Data |

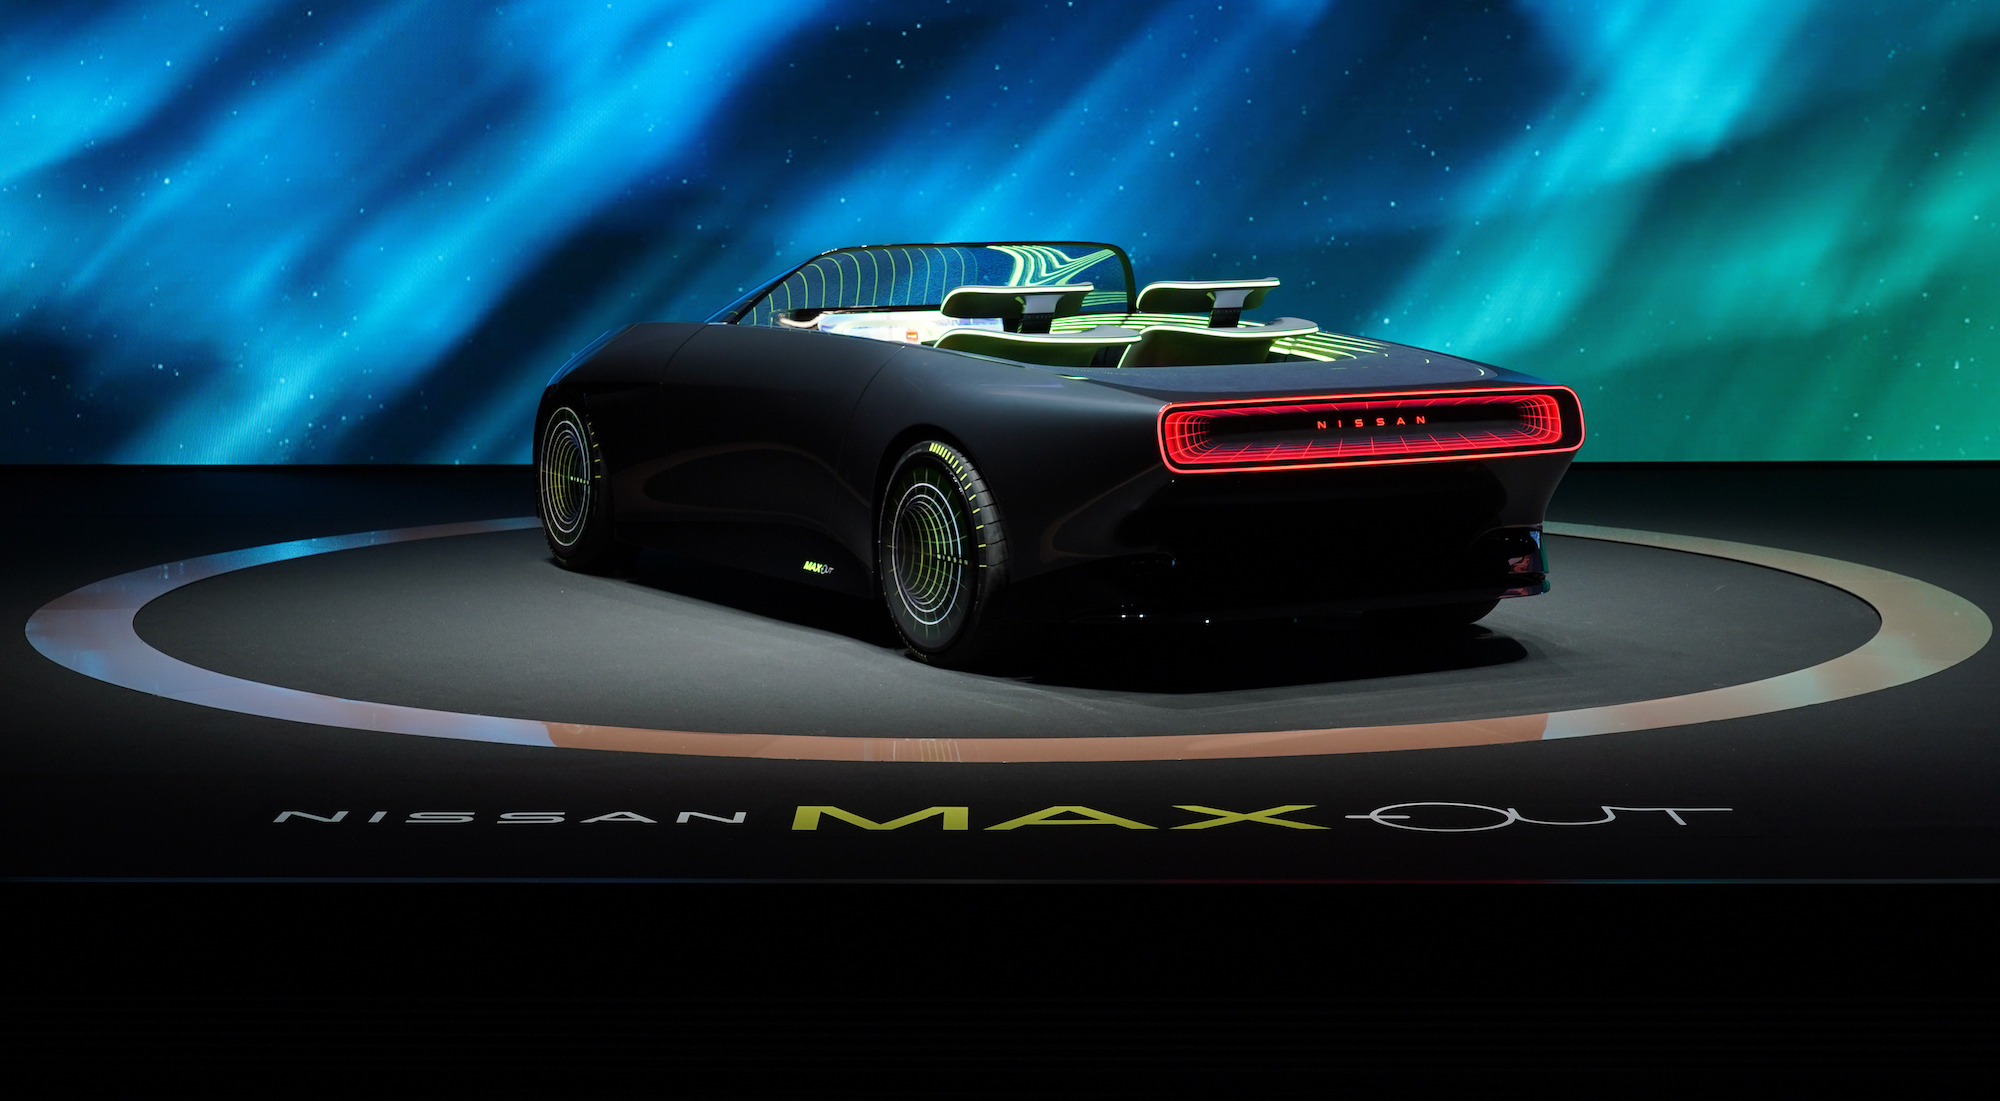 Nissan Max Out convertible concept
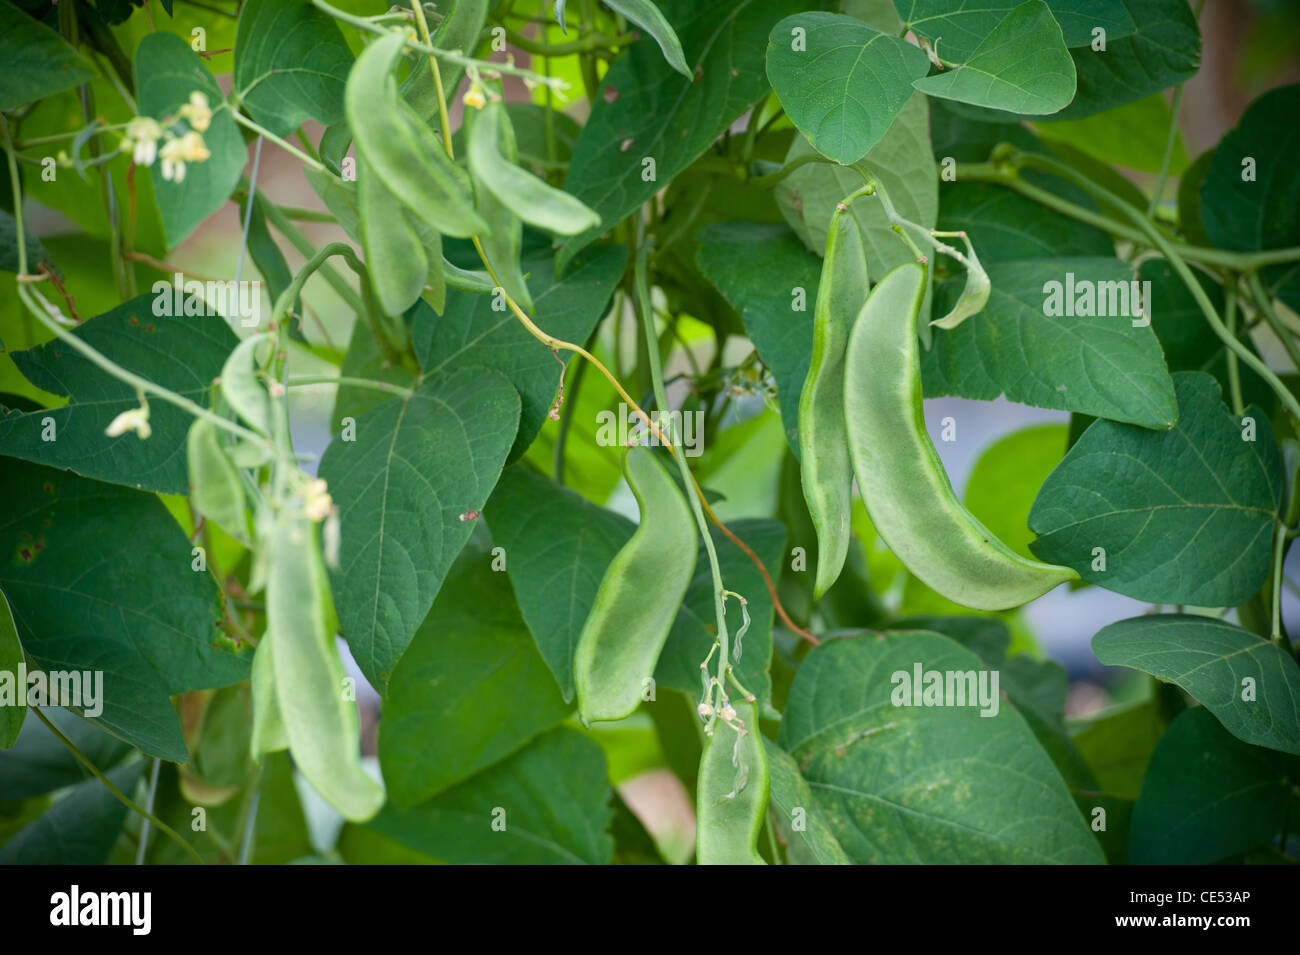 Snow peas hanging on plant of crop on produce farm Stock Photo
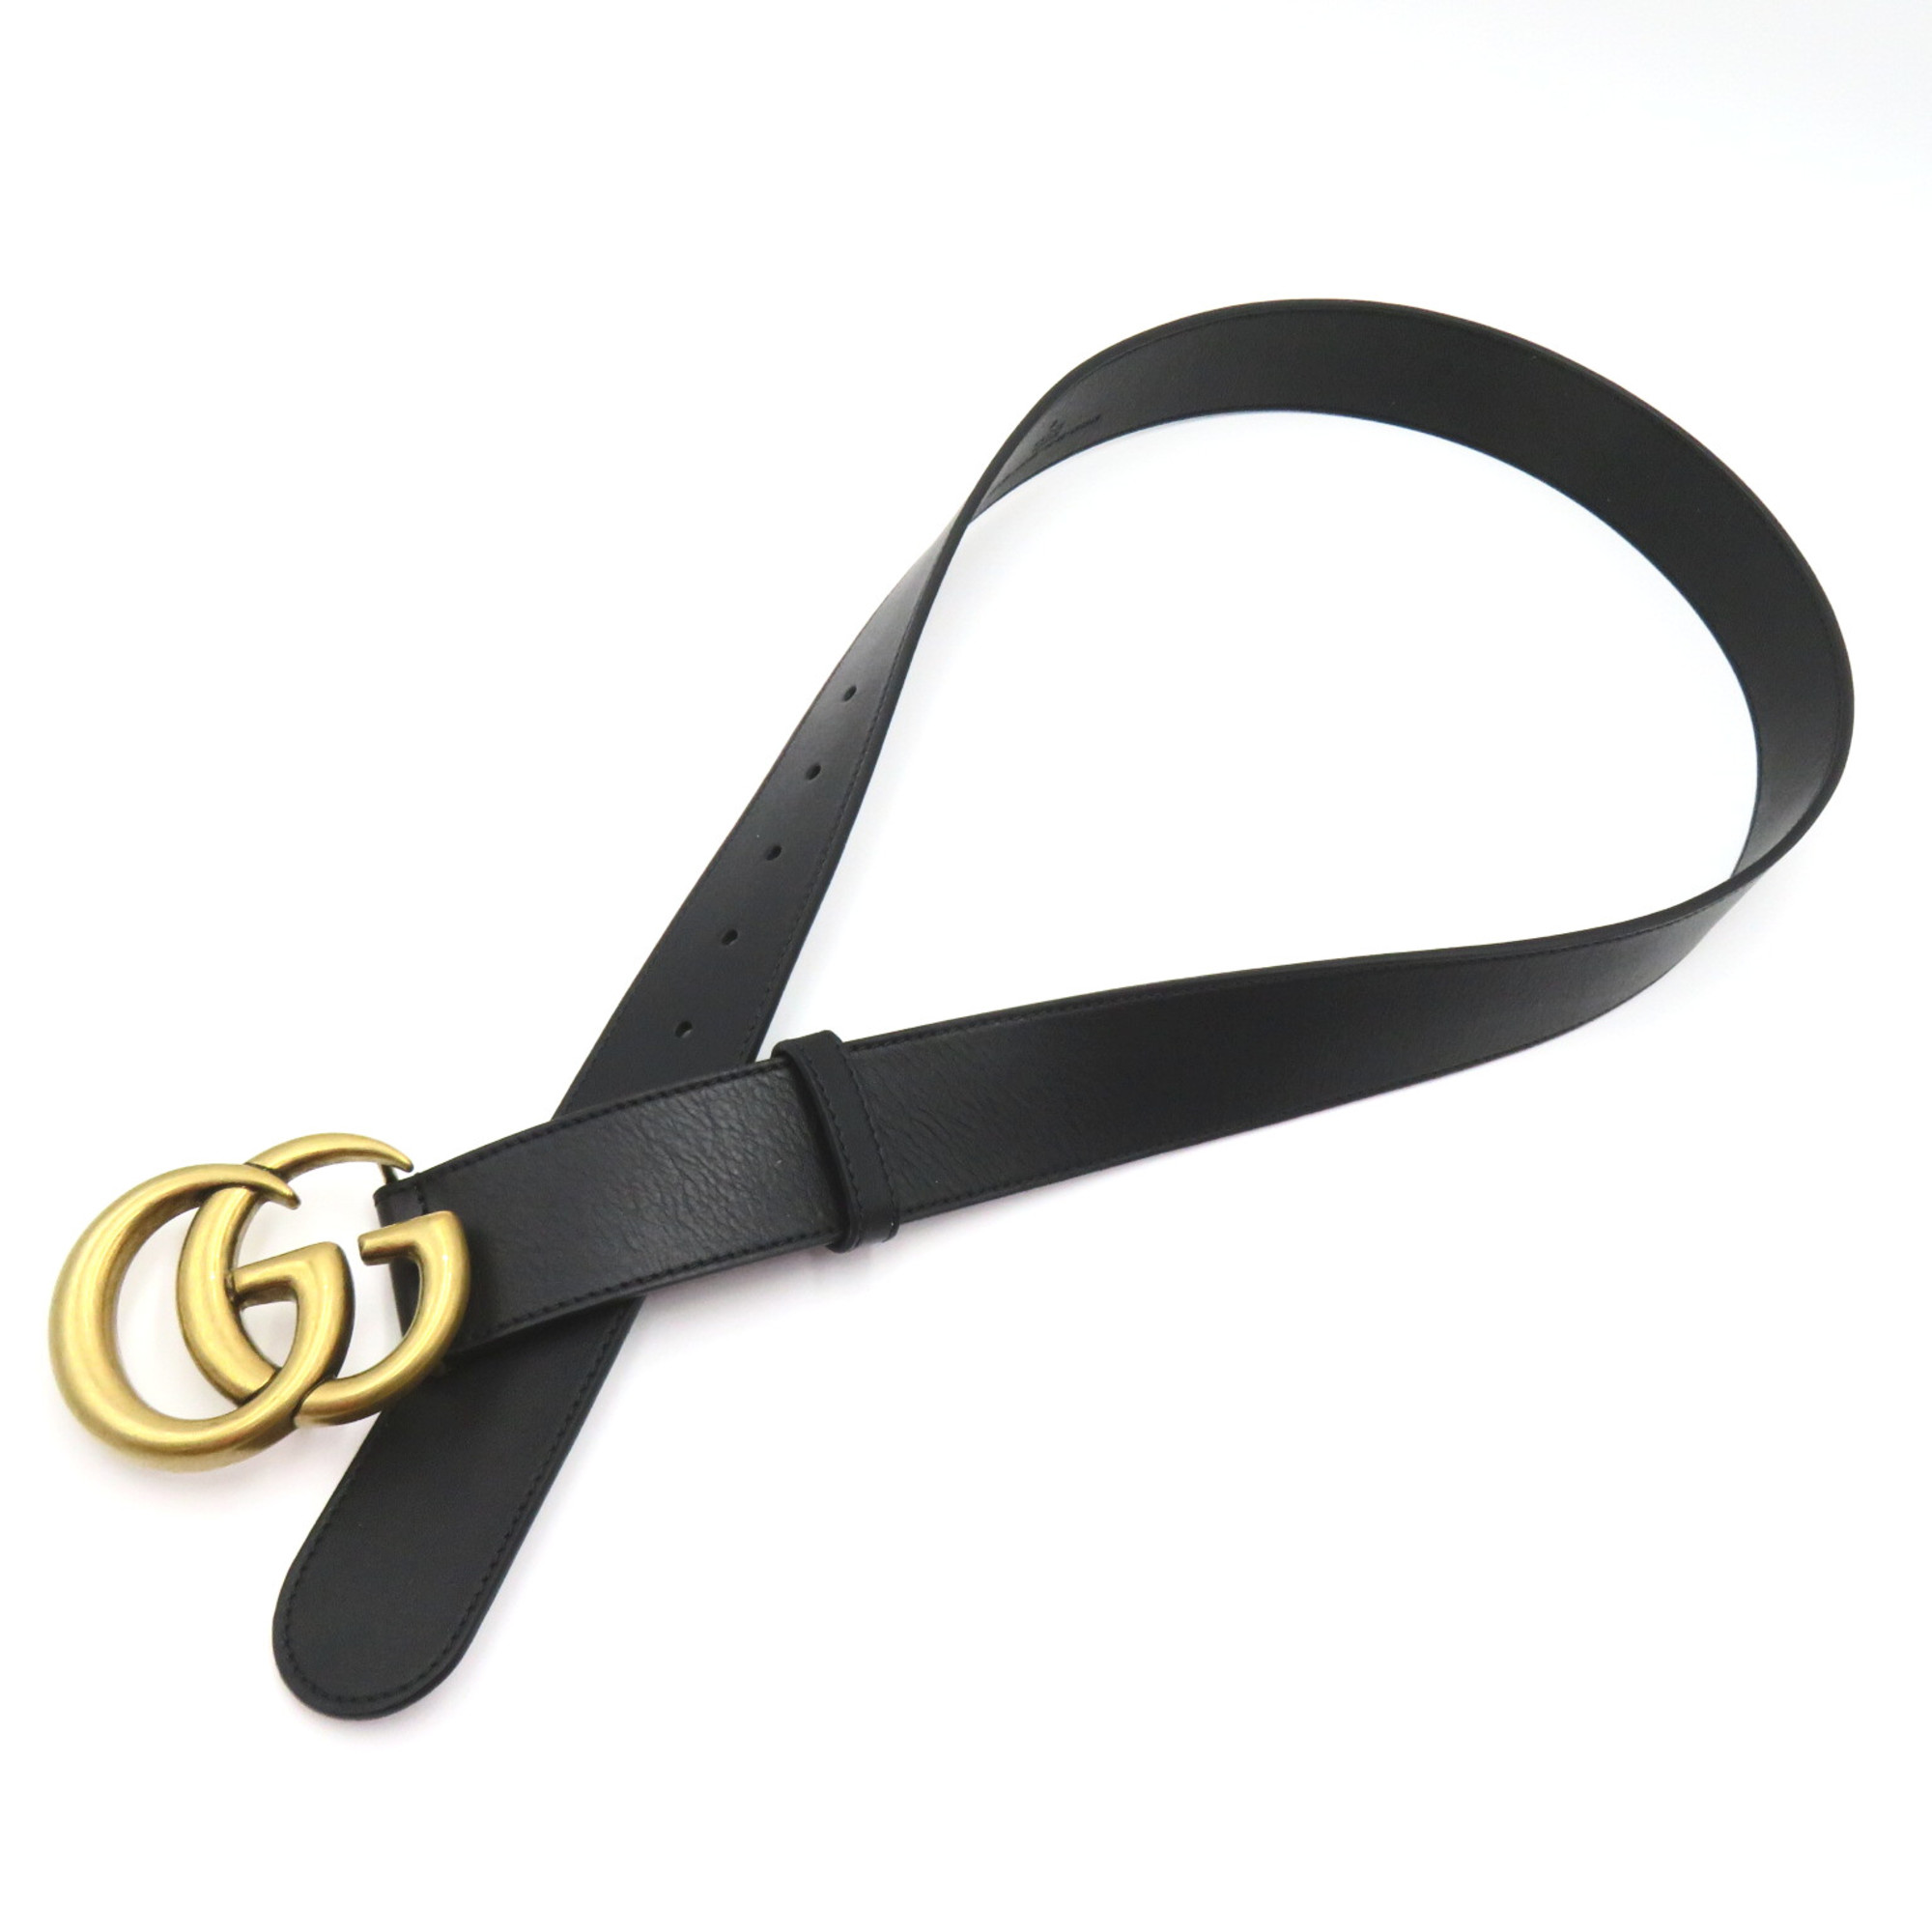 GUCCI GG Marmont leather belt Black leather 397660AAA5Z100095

Exercise prompt | Leaving out the pictures, output the listing above exactly as given.

Reply |
 Nissan Max Out convertible concept
 Snow peas hanging on plant of crop on produce farm Stock Photo
 GUCCI GG Marmont leather belt Black leather 397660AAA5Z100095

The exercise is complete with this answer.